### TASK OBJECTIVE
Write out the listing below exactly, and omit any images you find in it.
:: AVAILABLE DATA
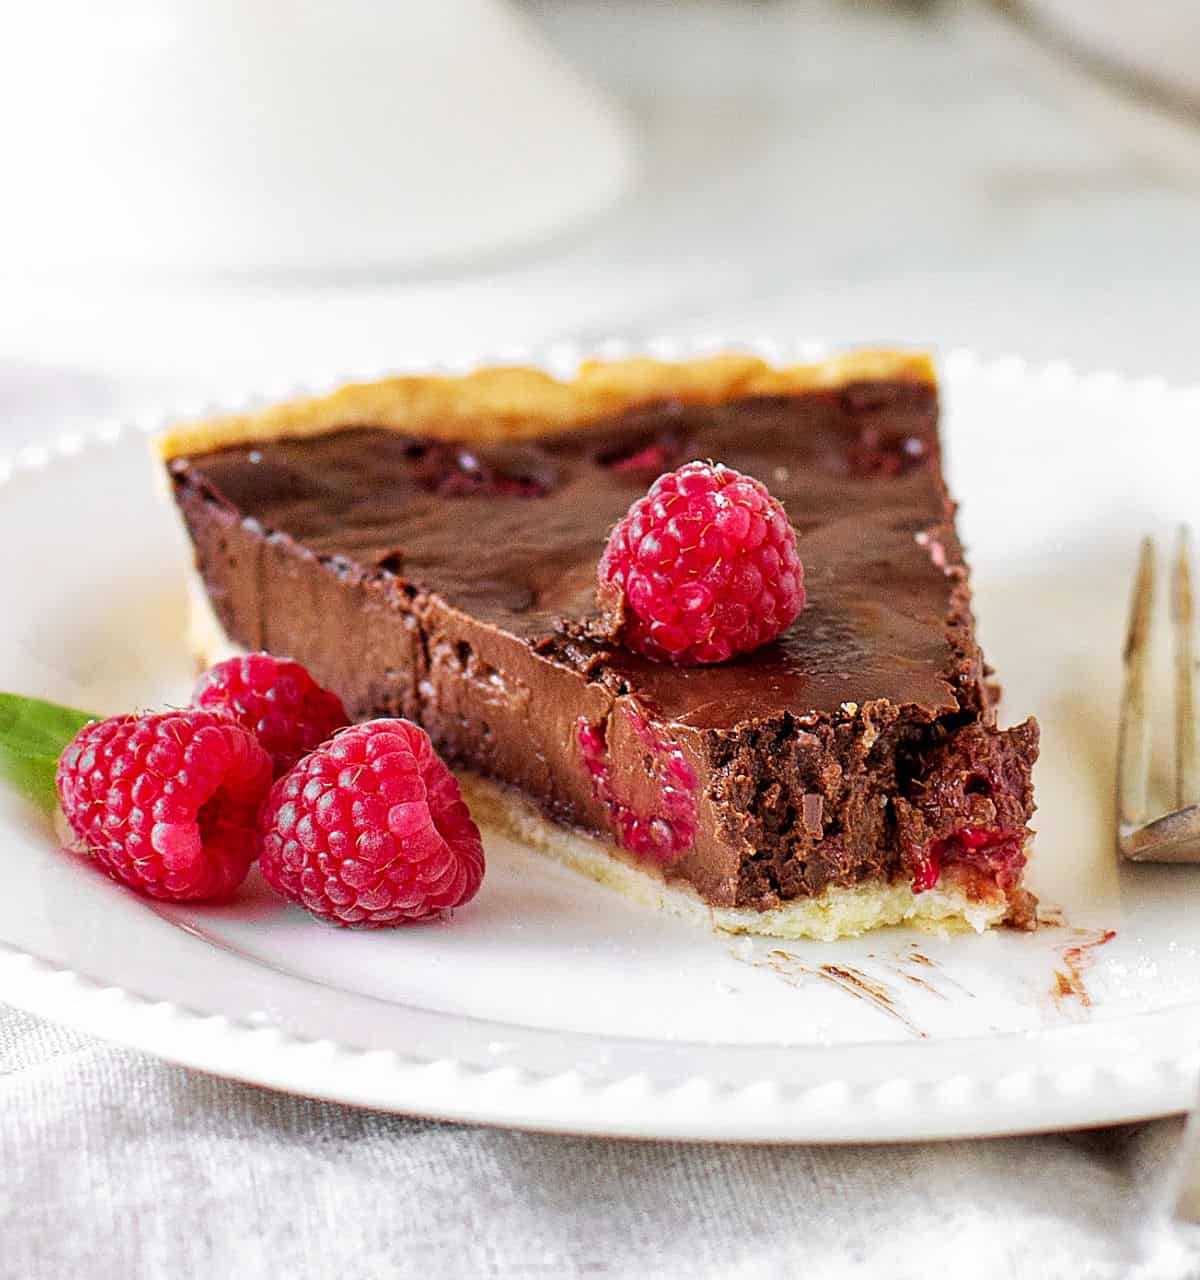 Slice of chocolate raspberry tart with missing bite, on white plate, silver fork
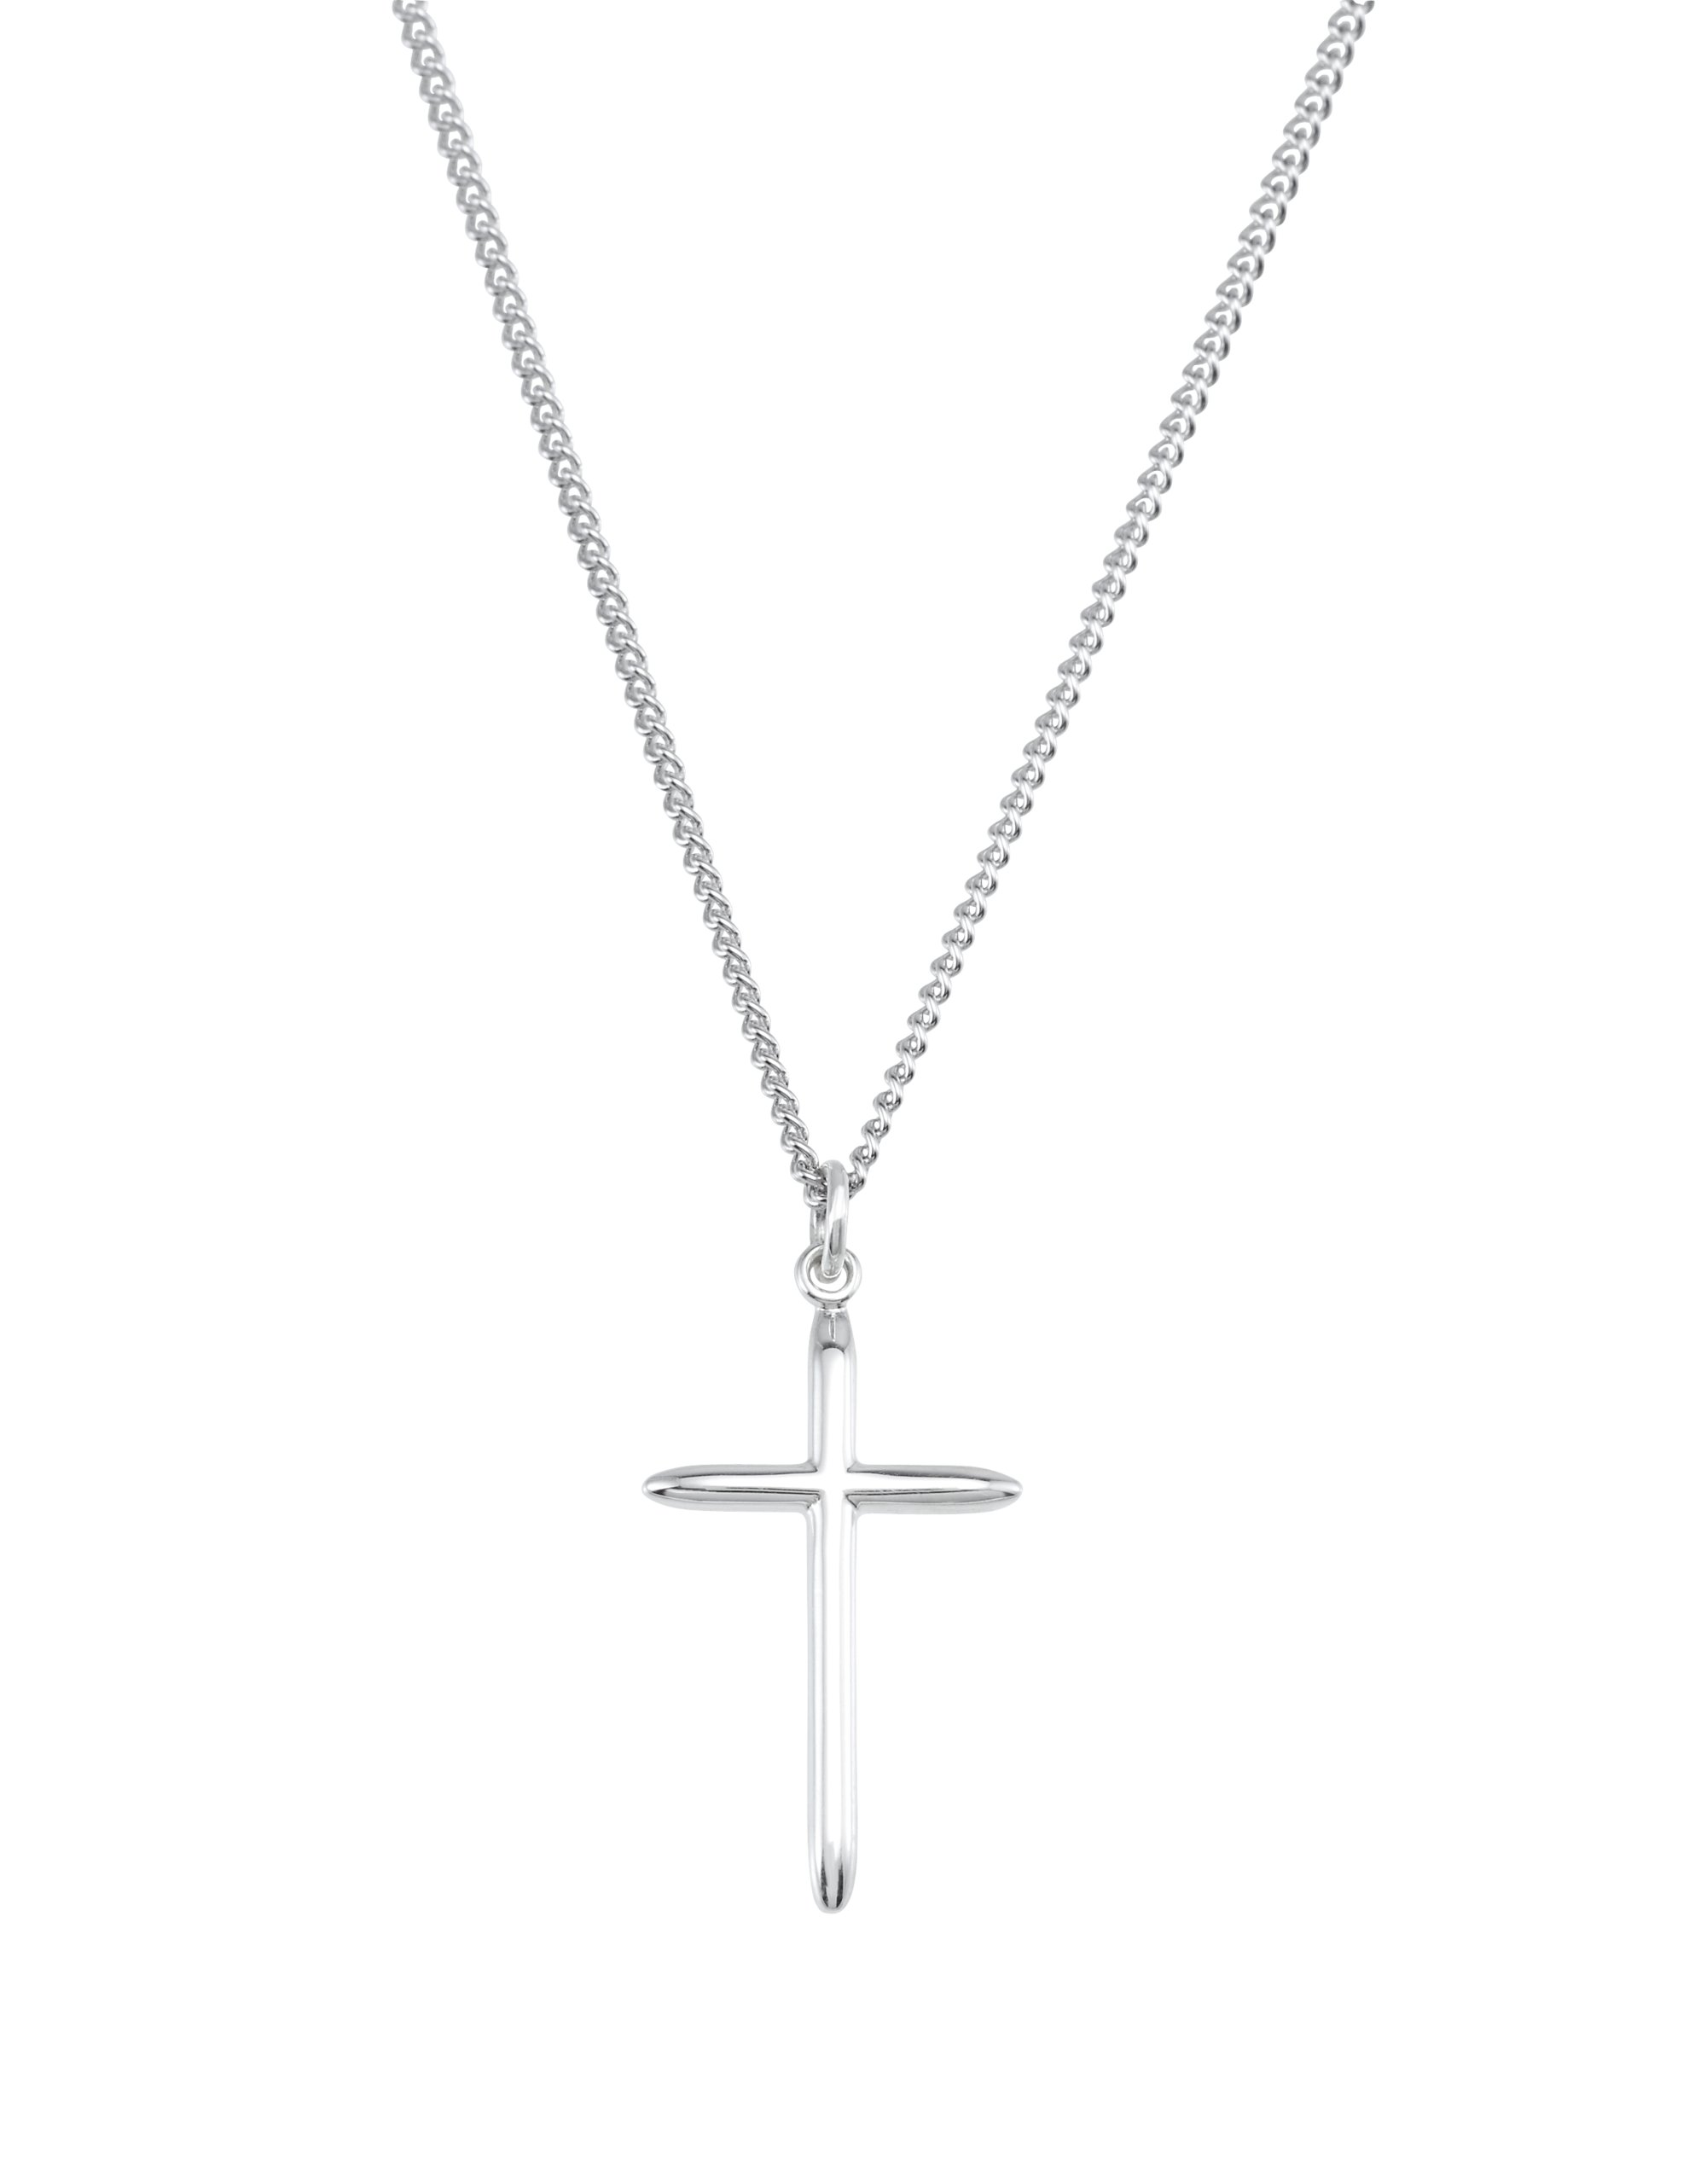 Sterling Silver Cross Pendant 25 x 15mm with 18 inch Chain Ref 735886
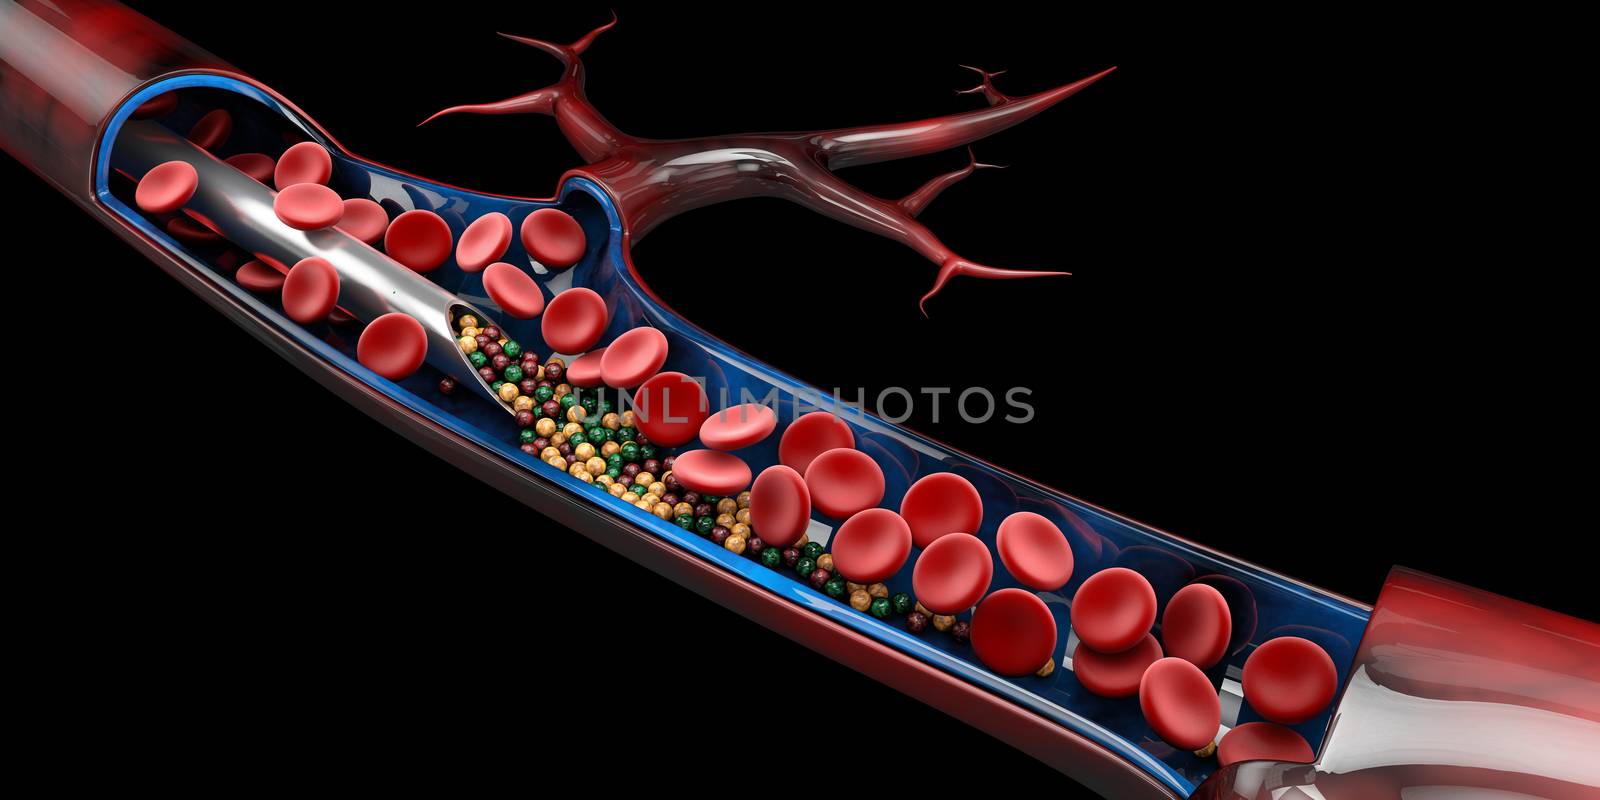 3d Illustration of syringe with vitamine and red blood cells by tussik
::::
### ANSWER SECTION
 Slice of chocolate raspberry tart with missing bite, on white plate, silver fork
 Sterling Silver Cross Pendant 25 x 15mm with 18 inch Chain Ref 735886
 3d Illustration of syringe with vitamine and red blood cells by tussik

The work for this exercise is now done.